**EXERCISE DATA**
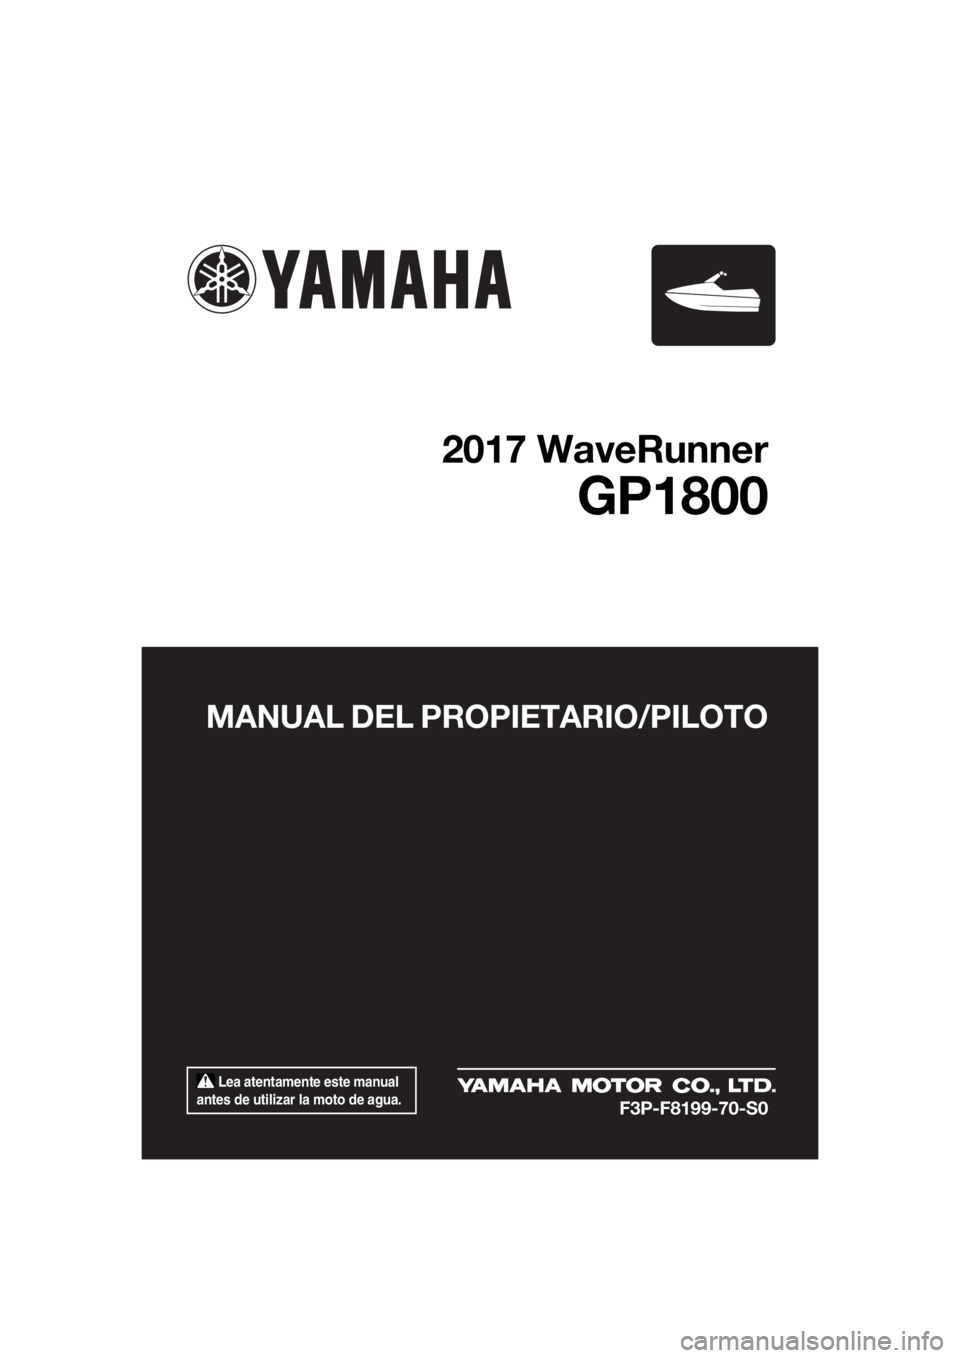 YAMAHA GP1800 2017  Manuale de Empleo (in Spanish)  Lea atentamente este manual 
antes de utilizar la moto de agua.
MANUAL DEL PROPIETARIO/PILOTO
2017 WaveRunner
GP1800
F3P-F8199-70-S0
UF3P70S0.book  Page 1  Thursday, August 25, 2016  2:20 PM 
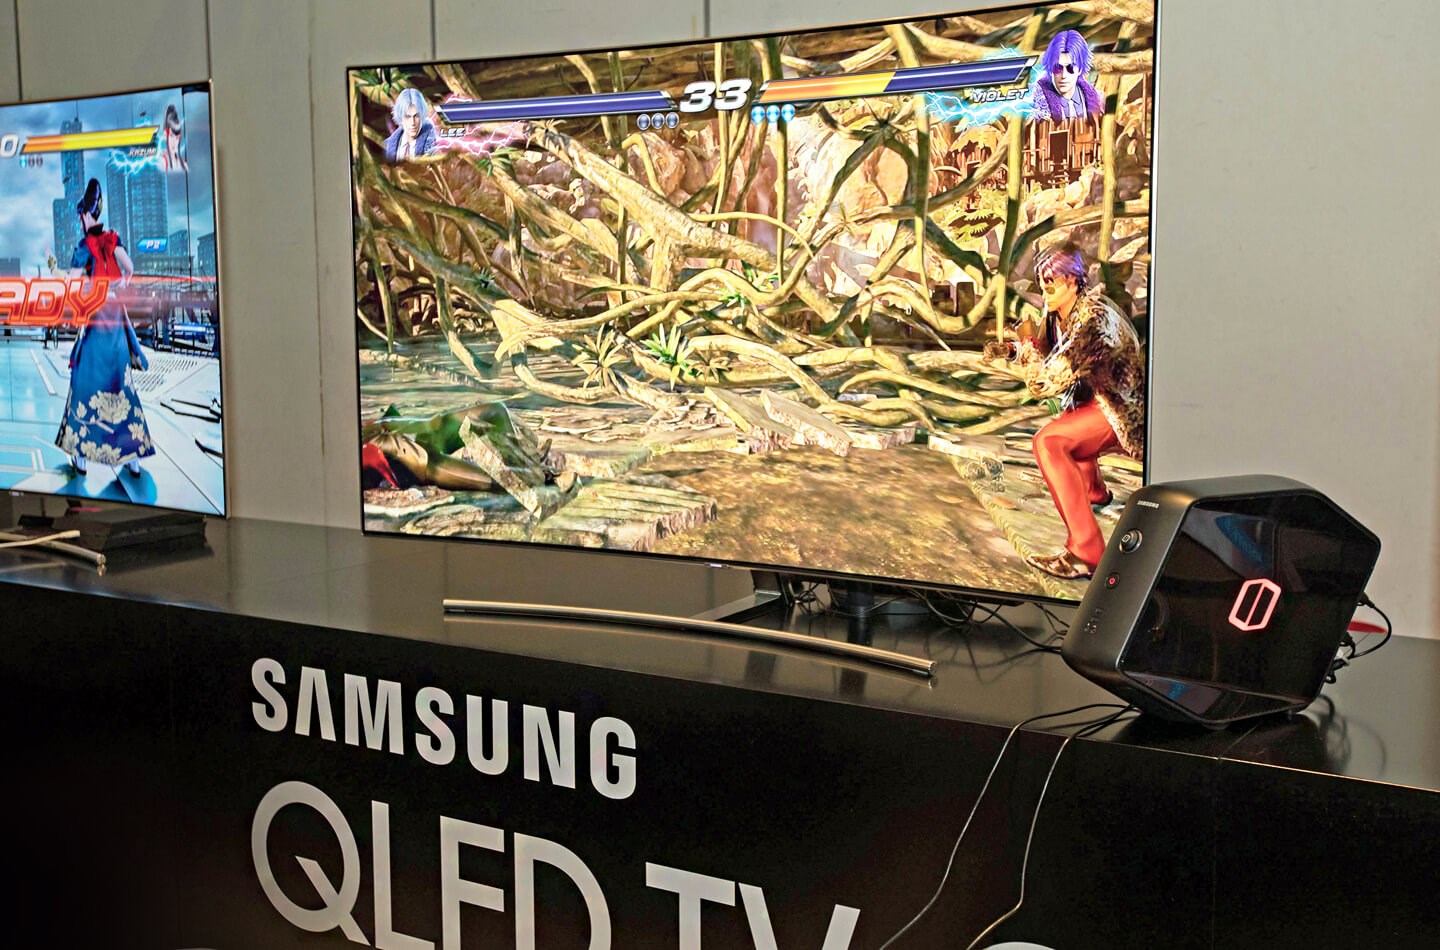 Samsung QLED televizyonlar oyuna odaklanıyor
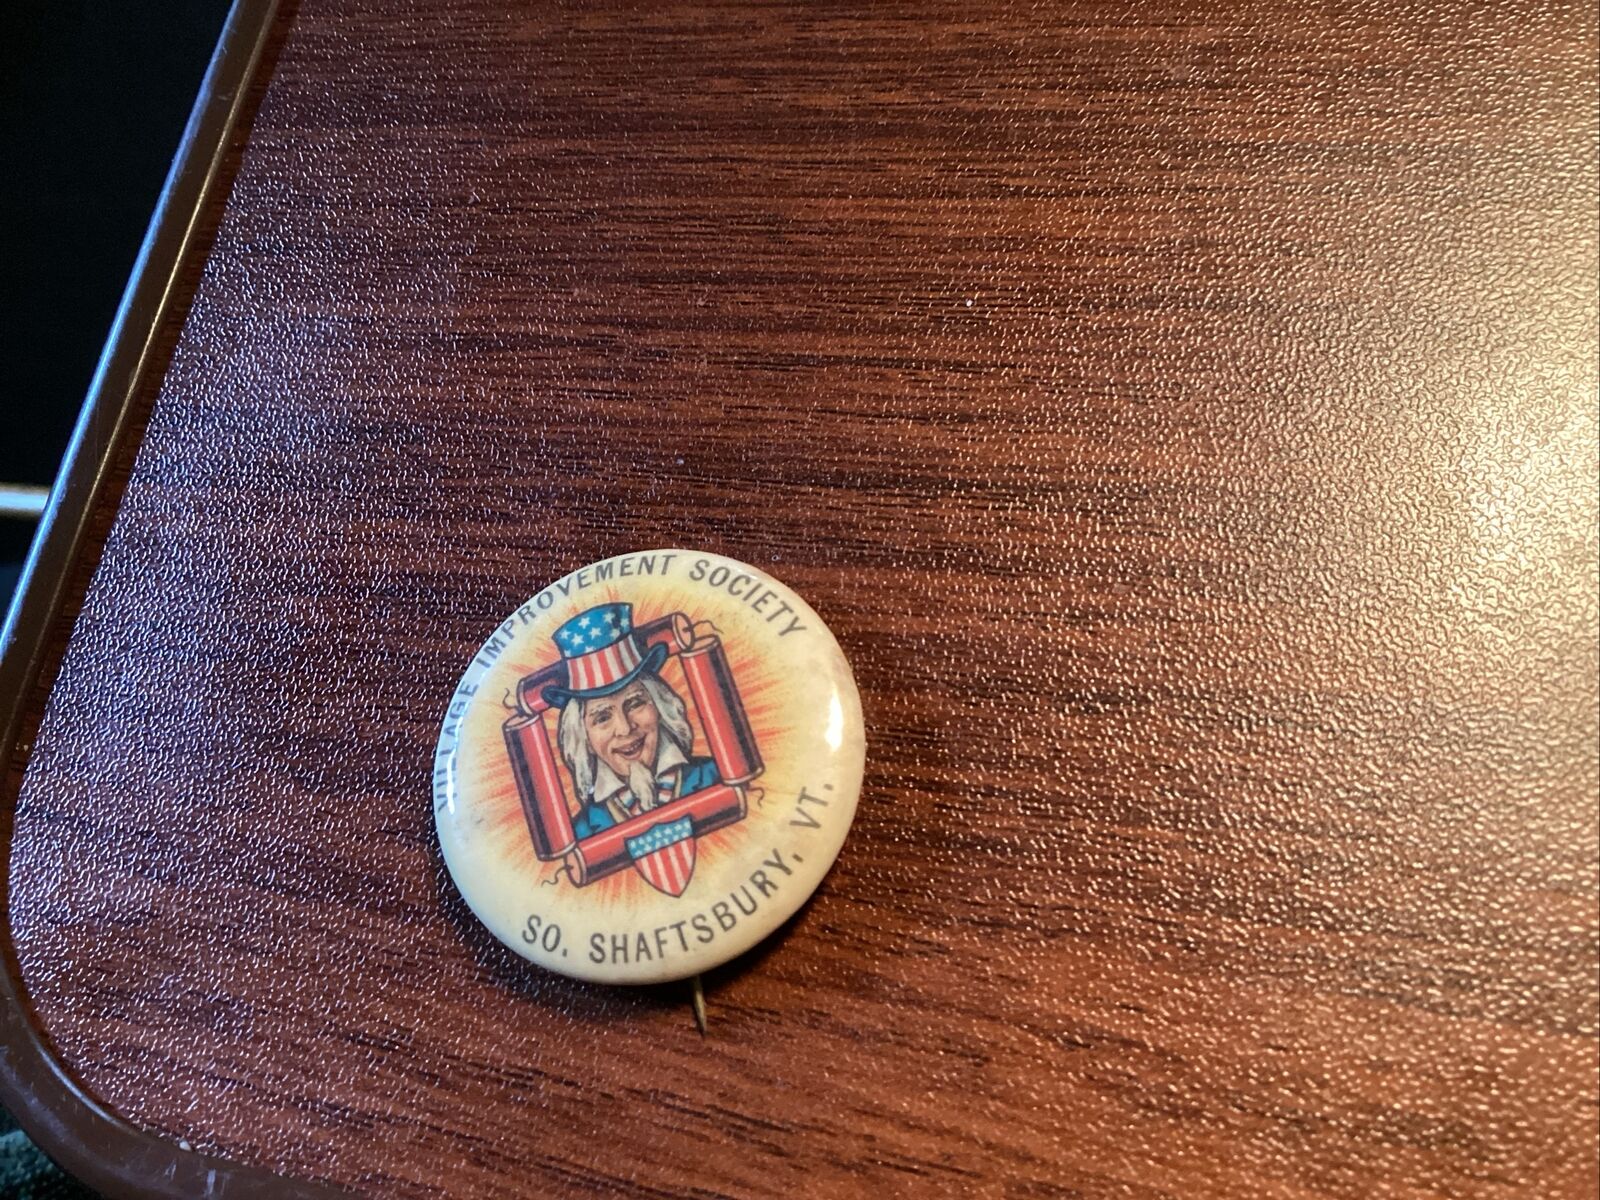 1896 Antique Uncle Sam Pinback Pin So. Shaftsbury Vt.  Improvement Society

**WHAT YOU ARE ASKED TO DO**
Please write out all the data again word for word, but not the pictures.

**SOLVED EXERCISE**
 YAMAHA GP1800 2017  Manuale de Empleo (in Spanish)  Lea atentamente este manual 
antes de utilizar la moto de agua.
MANUAL DEL PROPIETARIO/PILOTO
2017 WaveRunner
GP1800
F3P-F8199-70-S0
UF3P70S0.book  Page 1  Thursday, August 25, 2016  2:20 PM 
 Samsung QLED televizyonlar oyuna odaklanıyor
 1896 Antique Uncle Sam Pinback Pin So. Shaftsbury Vt.  Improvement Society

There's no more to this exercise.